Here's a tip; if you tap on a link in an e-mail and hold for a second or two, the URL pops up for your delighted perusal.

I fail to see how a link to a malicious website sent in a mail would be specific to any particular mail client or device?

If a Nigerian scammer sends you mail and asks you to tell them your bank details, how can you blame any device or software if you are stupid enough to do so?

Of course a baby-with-the-bathtub solution would be to block all email that contains a URL. Is that what this "researcher" suggests the iphone is doing wrong?

Why don't browsers simply implement this simple solution:

When a block of text is marked as url : use that block of text and not an embedded link. Then there is no more hide and seek .... At least give browsers an option flag to use either the embedded link or the text of the link itself. and an option to display either the original text or directly the attached link when rendering the page.

Yeah, but *if* the vulnerability means that the bad guys can fake the URL that pops up then your tap & hold proceedure is rendered useless.

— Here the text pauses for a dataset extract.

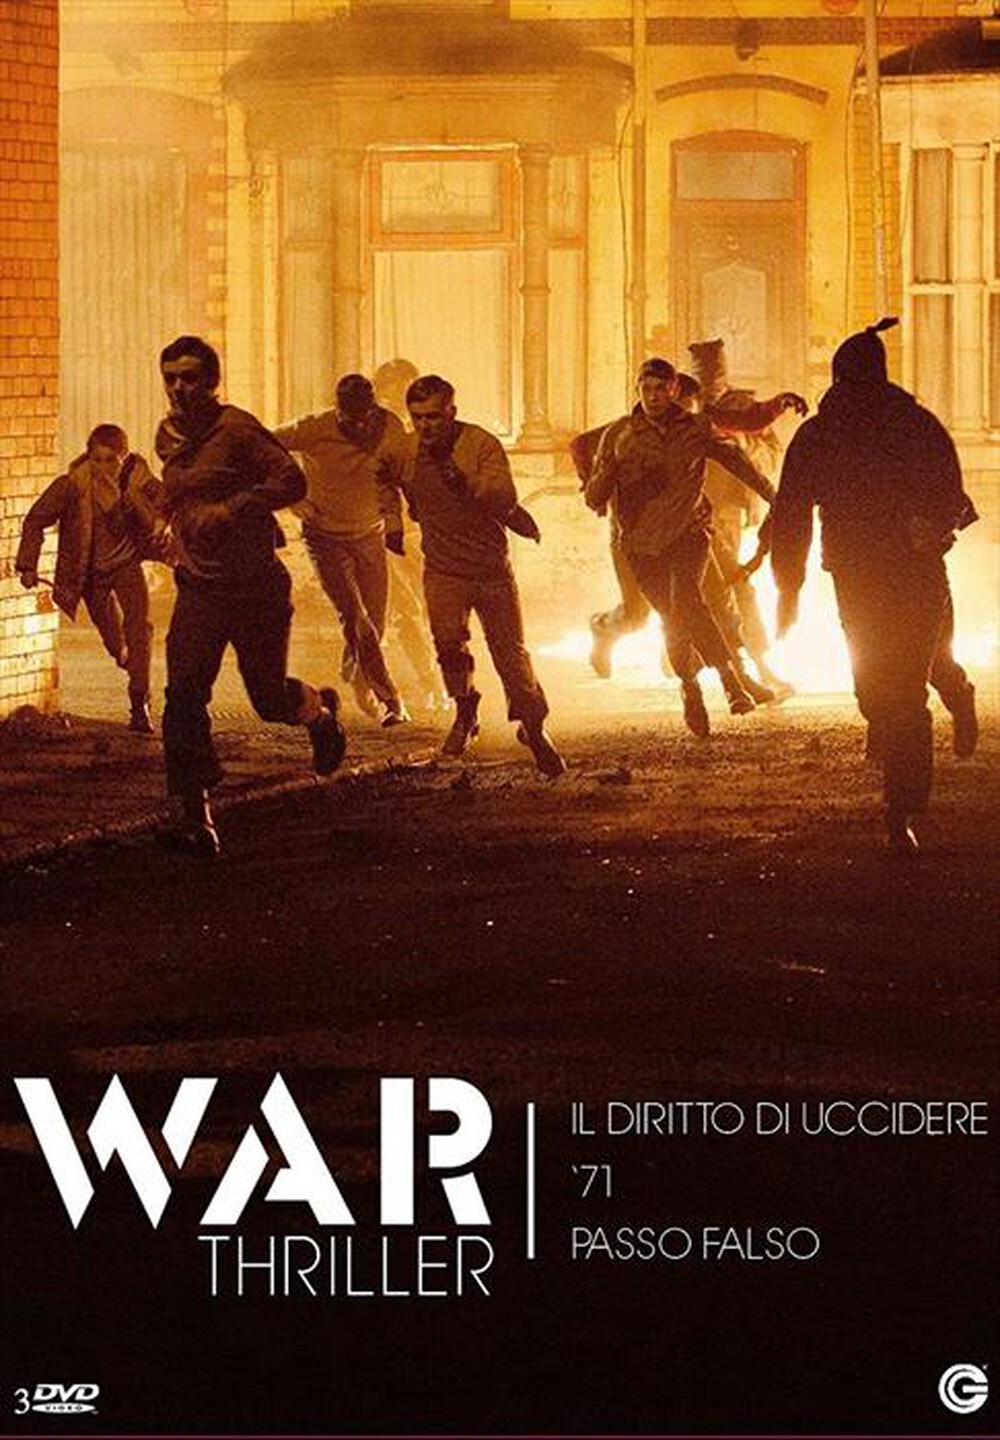 "CECCHI GORI - War Thriller (3 Dvd)"
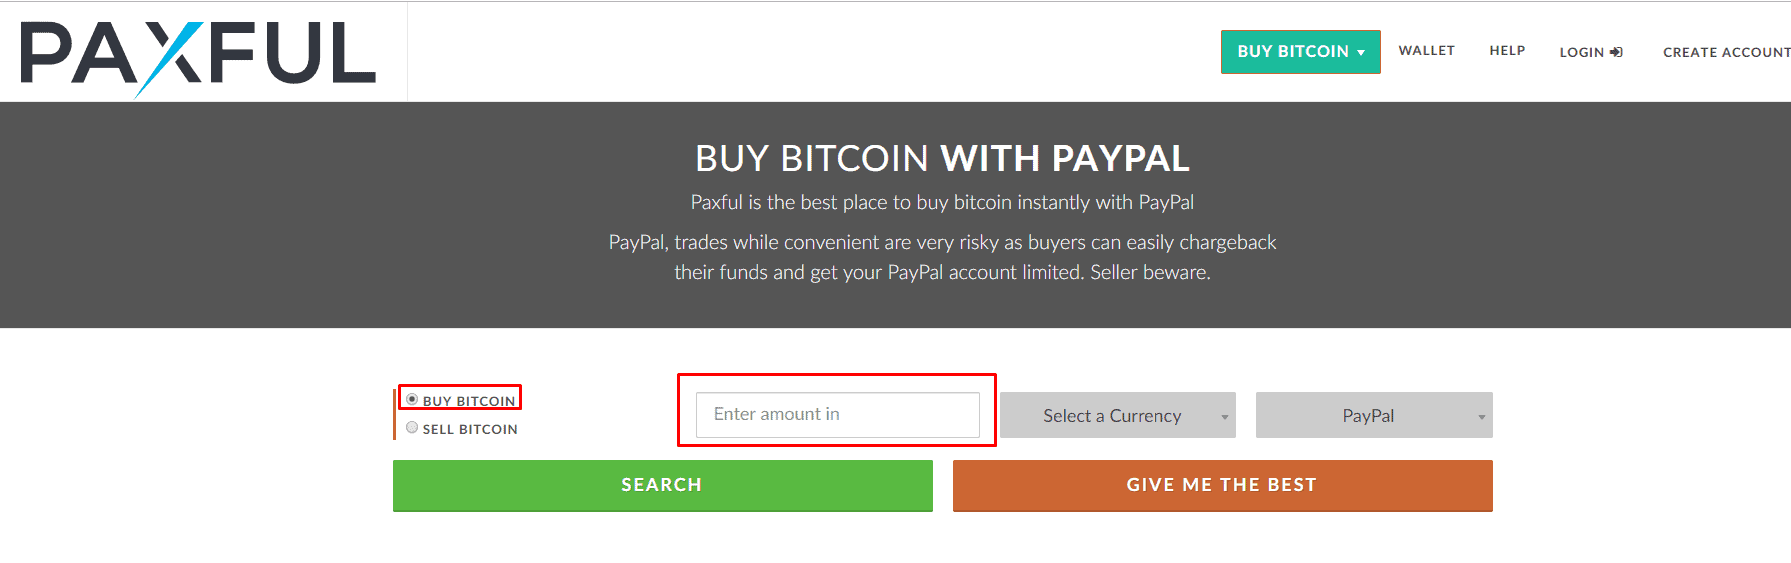 Buy bitcoin using paypal credit

Of course that's a big if - I've no idea what the specifics of this vulnerability are.

Where a domain name in a non-latin character set looks like a different one in English (aka homograph spoofing attack).

There are various fixes for this in most current desktop browsers.

Try http://www.shmoo.com/idn/ on your iPhone and see what it does?

I'm not sure what that shmoo site is trying to tell me?

It comes up with a link saying 'IDN spoofed URL'. You click on that and it comes up with a page saying 'The fake TSG'.

I tried it on firefox and safari and they behave in exactly the same way.

As the fake and 'real' pages have different URLs this to me proves nothing... that links to different pages go to different pages? What am I missing?

You can safely ignore and delete any email that purports to come from a bank. Banks don't send email, they send old fashioned letters on old fashioned paper.